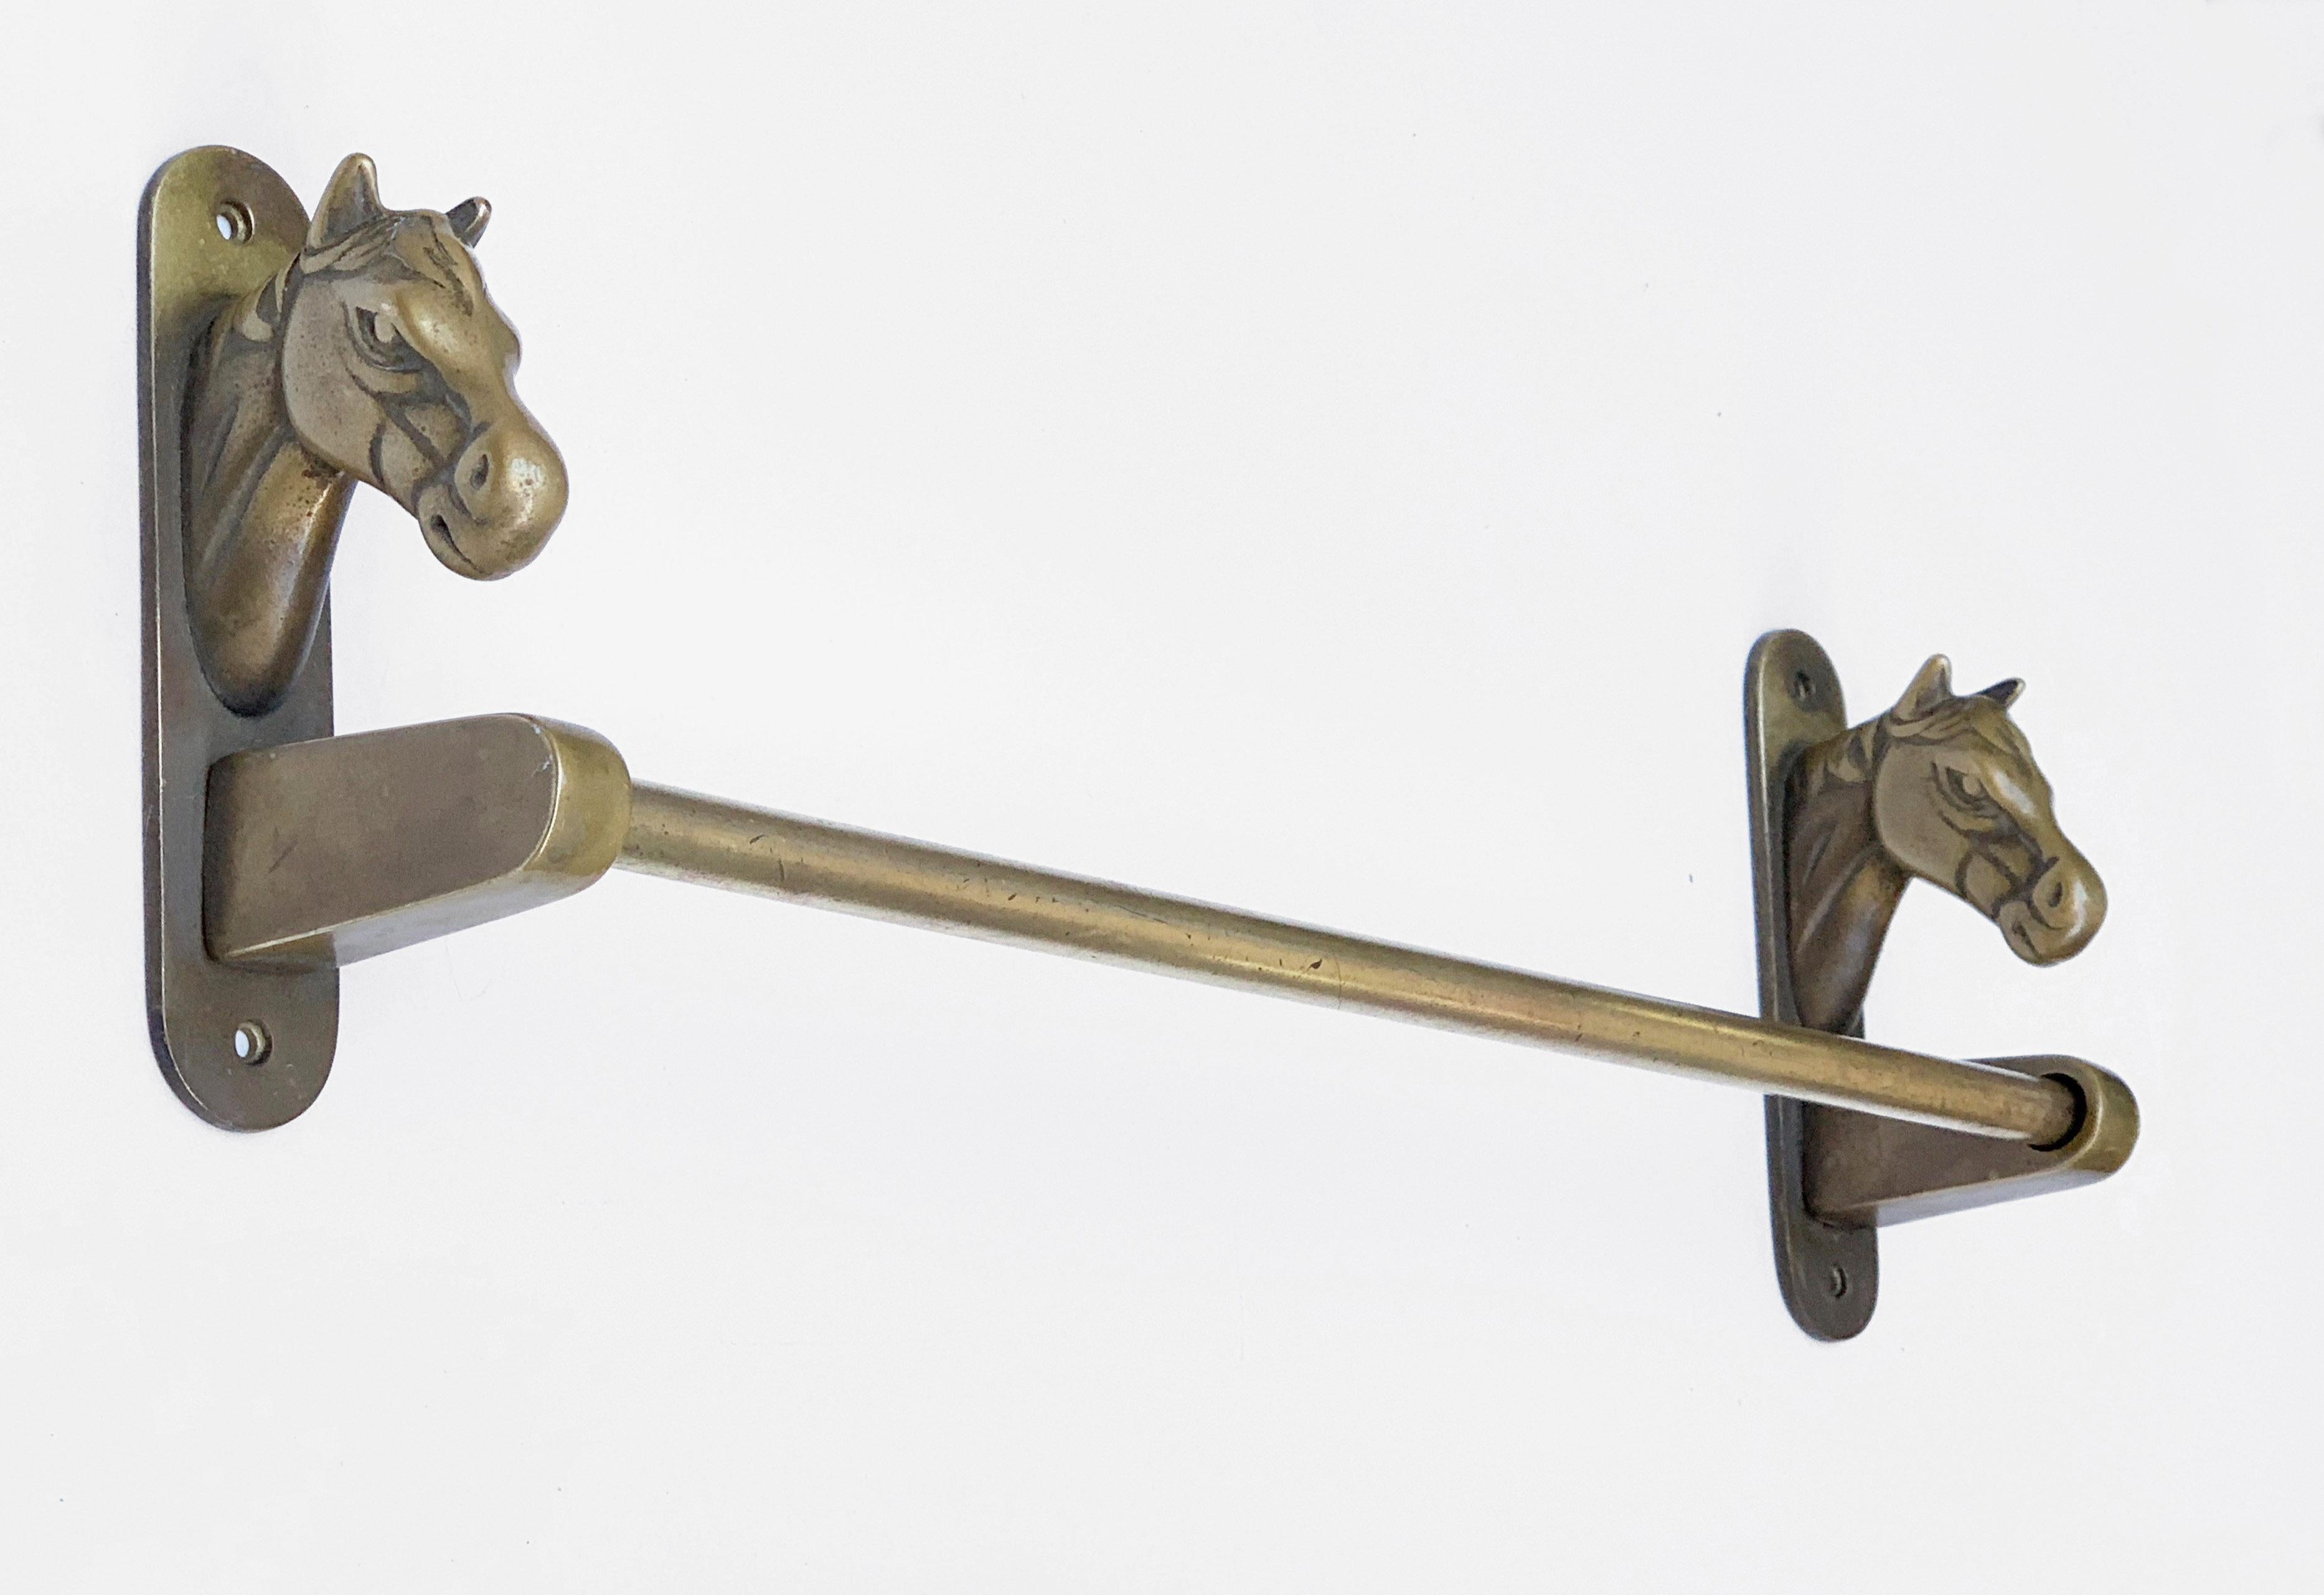 Wonderful bathroom fixture: a brass towel rack with horse heads on the extremities. 

It is made of three solid brass pieces, the two horse heads and the rack. 

It was made in Italy during 1950s. This piece is perfect for a countryside project

========

--- Goal of the exercise ---
Copy the whole of the material above exactly, but not its images.

--- Final answer ---
 Wonderful bathroom fixture: a brass towel rack with horse heads on the extremities. 

It is made of three solid brass pieces, the two horse heads and the rack. 

It was made in Italy during 1950s. This piece is perfect for a countryside project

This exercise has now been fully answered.